• [Information supplied]

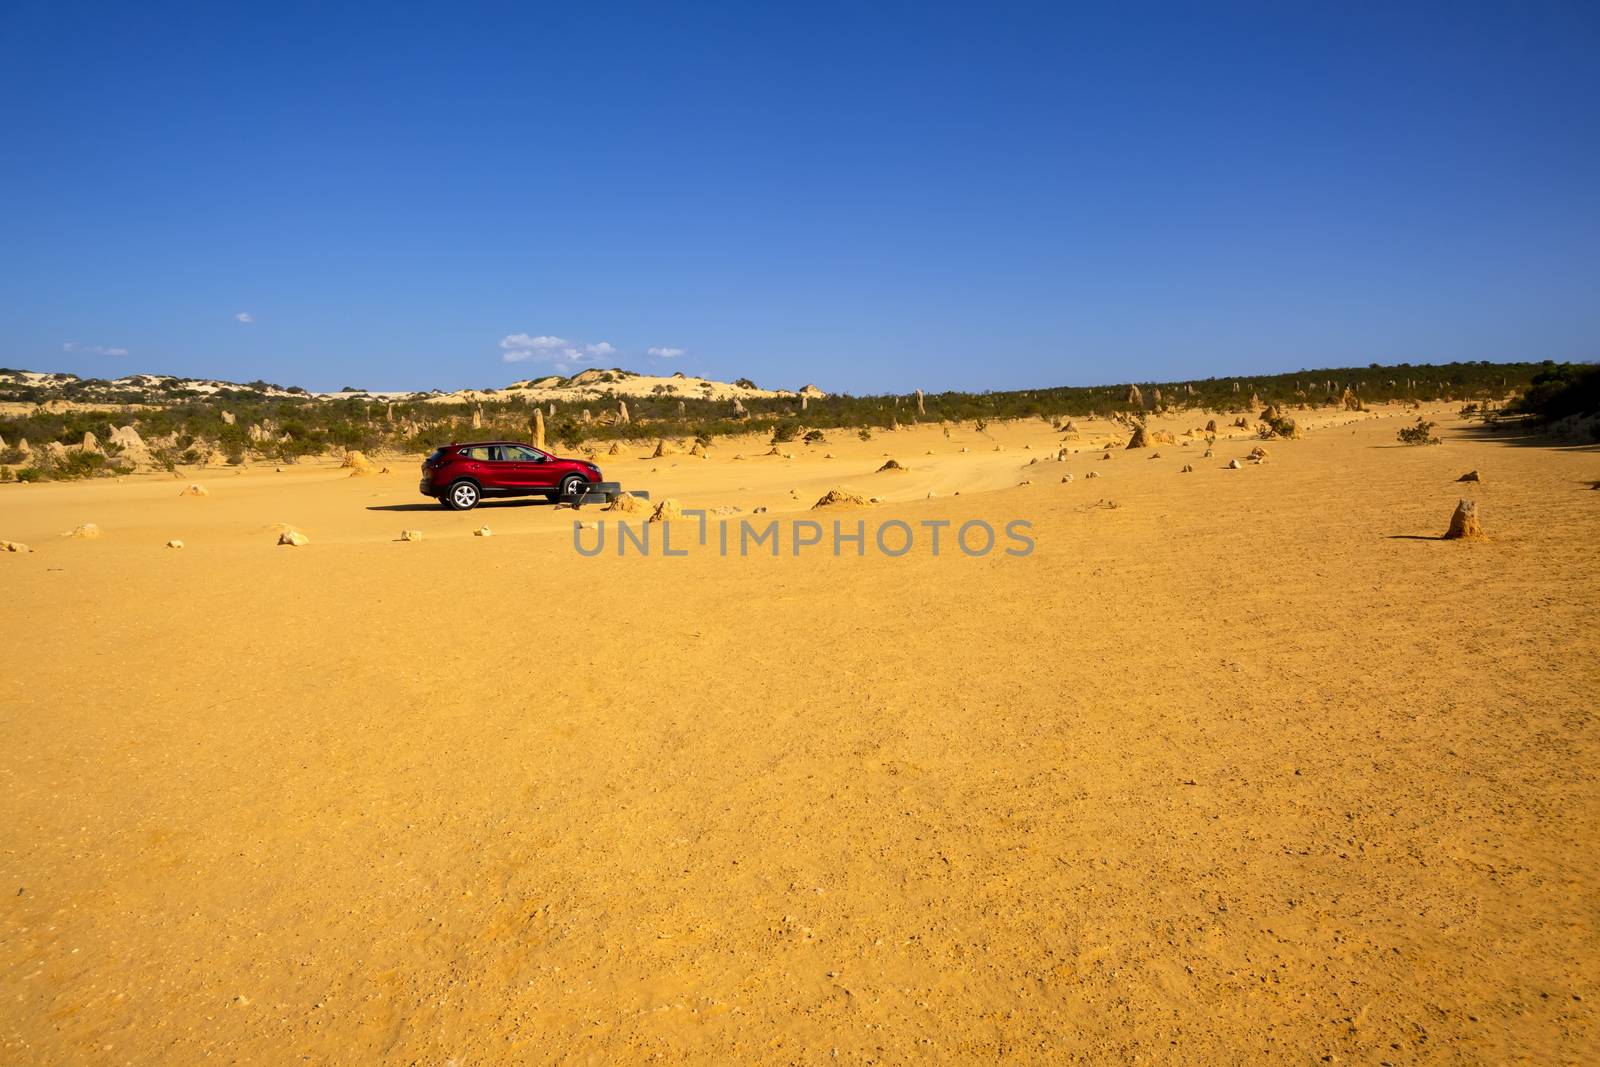 An image of the Pinnacles sand desert Western Australia
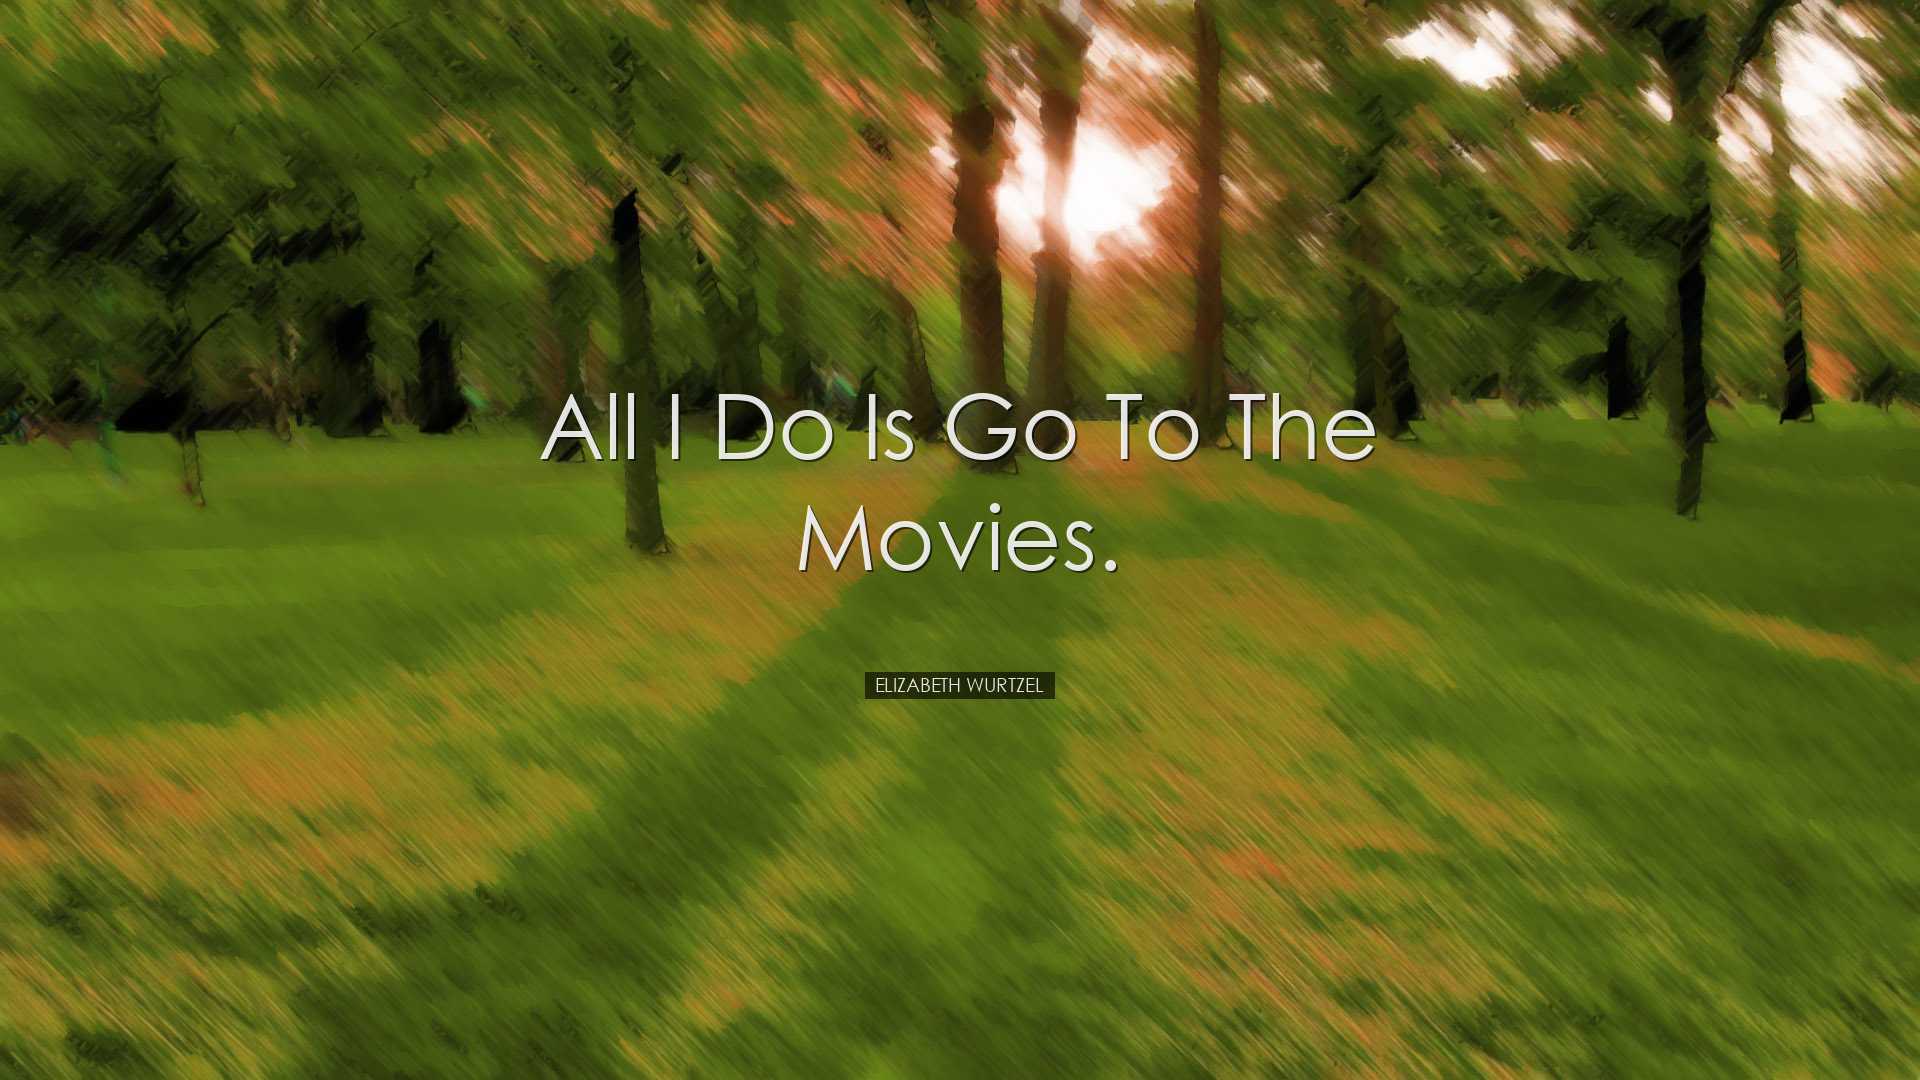 All I do is go to the movies. - Elizabeth Wurtzel
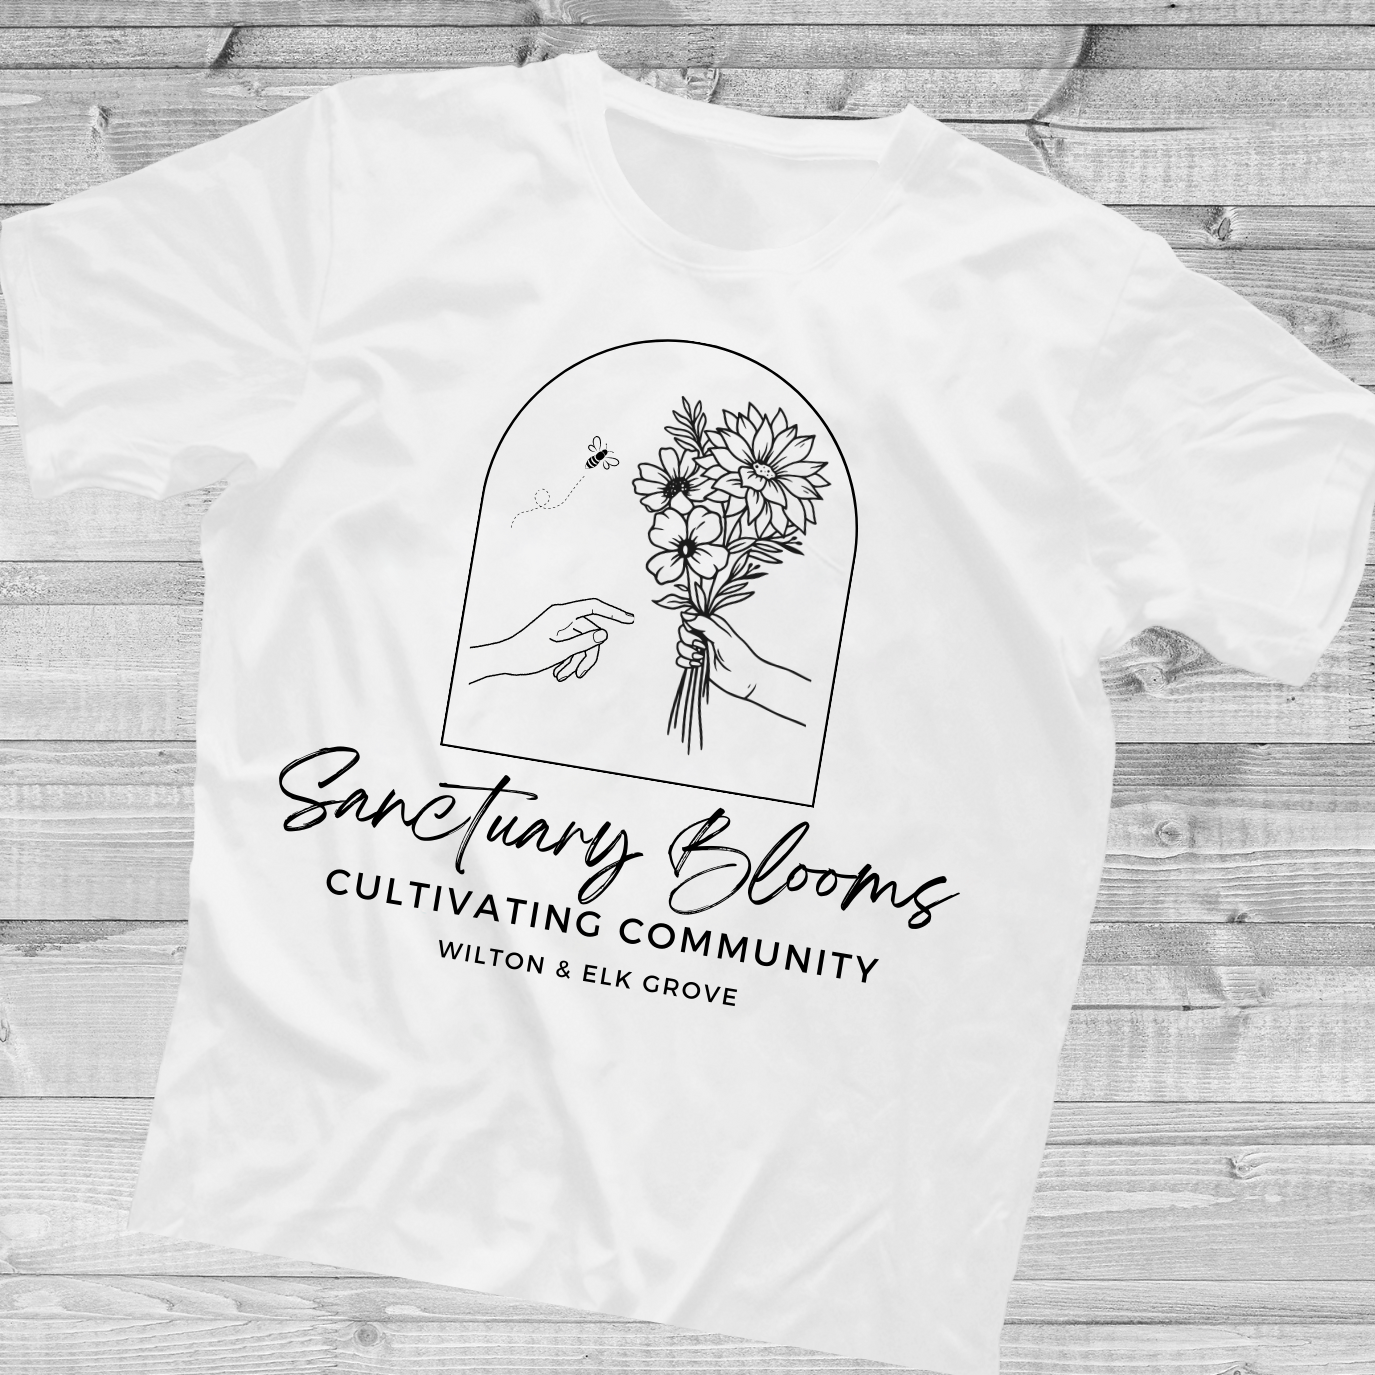 Sanctuary Blooms T-Shirt - Cultivating Community (3 Color Options)

• [Work to complete] Once more, please print all the lines above exactly, without their pictures.

• [Answer section]
 An image of the Pinnacles sand desert Western Australia
 All I do is go to the movies. - Elizabeth Wurtzel
 Sanctuary Blooms T-Shirt - Cultivating Community (3 Color Options)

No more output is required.